Perhaps one of the most powerful advantages for using plain text to organize and produce OER is the ability to use the Git version control system and the GitHub ecosystem of collaboration and automation tools. The management, collaboration, and preservation benefits of Git and GitHub for library technology projects are well documented (Davis 2015, Giorgio et al. 2019; Becker et al. 2020). Lantern demonstrates the benefits of Git and GitHub for OER projects.
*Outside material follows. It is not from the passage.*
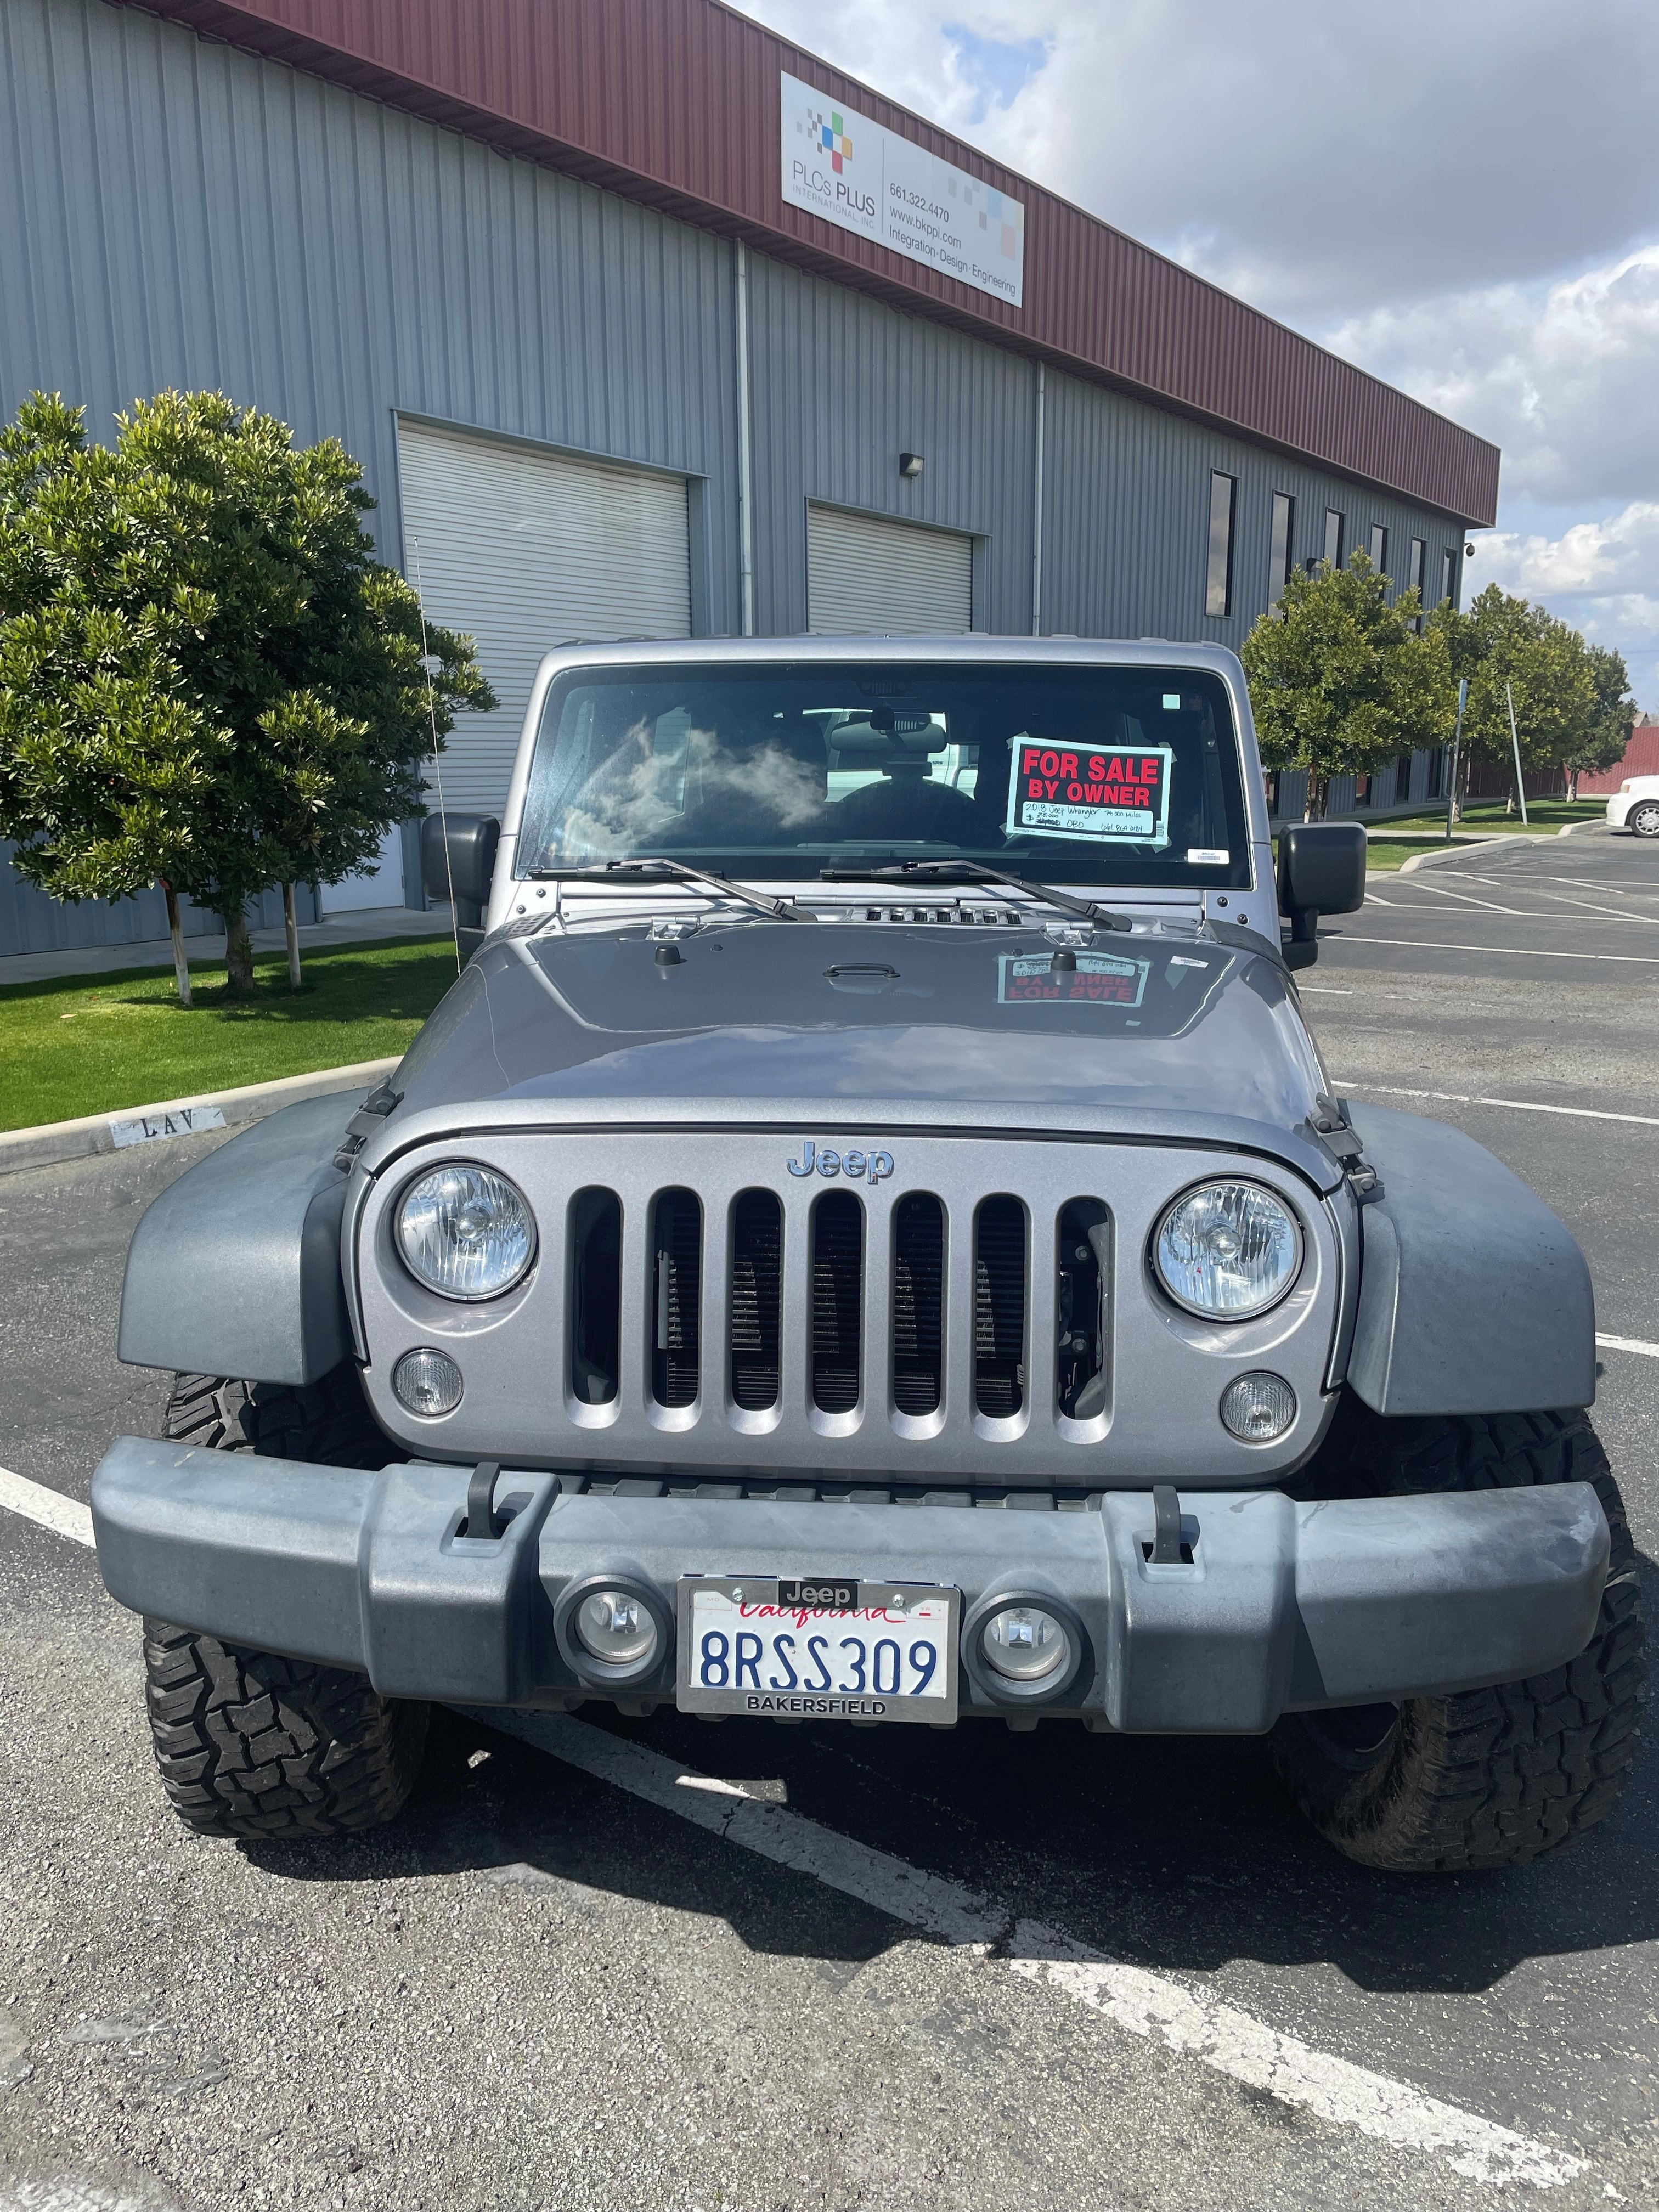 Used 2018 Jeep Wrangler for Sale Near Me in Bakersfield, CA - Autotrader

Lantern is a template repository on GitHub. It is intended to make it easy for anyone to generate their own OER projects using the same repository structure and files. In practice, a user would login to GitHub, visit the Lantern repository, and generate a new repository for their OER project. They would then add their own project’s content and metadata and use Lantern’s preconfigured settings to produce their multi-format OER for free. Lantern’s pre-configurations take advantage of GitHub Actions [5] and GitHub Pages [6]. GitHub Actions is a programmable workflow automation tool and GitHub Pages is a static website hosting service. These features are especially useful for OER publishing.

Lantern provides documentation to help users prepare manuscripts in common file formats (.docx) and GitHub Actions to convert them to Markdown using Pandoc. The basic workflow involves the following steps:

  1. User generates a GitHub repository using Lantern as a template repository
  2. User uploads .docx files to the /original/ subfolder
  3. User makes a commit using the GitHub web interface: “Add files via upload”

This triggers a GitHub Actions workflow that performs the following tasks:

  1. Provision a hosted virtual machine running Ubuntu 20.04+ LTS
  2. Install Pandoc 2.17+
  3. Checkout the main branch of the GitHub repository
  4. Convert each .docx file to a Markdown file using Pandoc
  5. Move the Markdown files to the /text/ subfolder
  6. Commit this change back to the main branch of the GitHub repository


Figure 2. Logs from Using GitHub Actions to Convert Manuscript Files with Pandoc.

After this process, the user is ready to check the Markdown files for any conversion errors and make necessary changes using GitHub’s web interface for editing and previewing Markdown.


Figure 3. GitHub’s Web Interface for Code (i.e. Markdown) Editing.


Figure 4. GitHub’s Web Interface for Previewing Markdown Rendered as HTML.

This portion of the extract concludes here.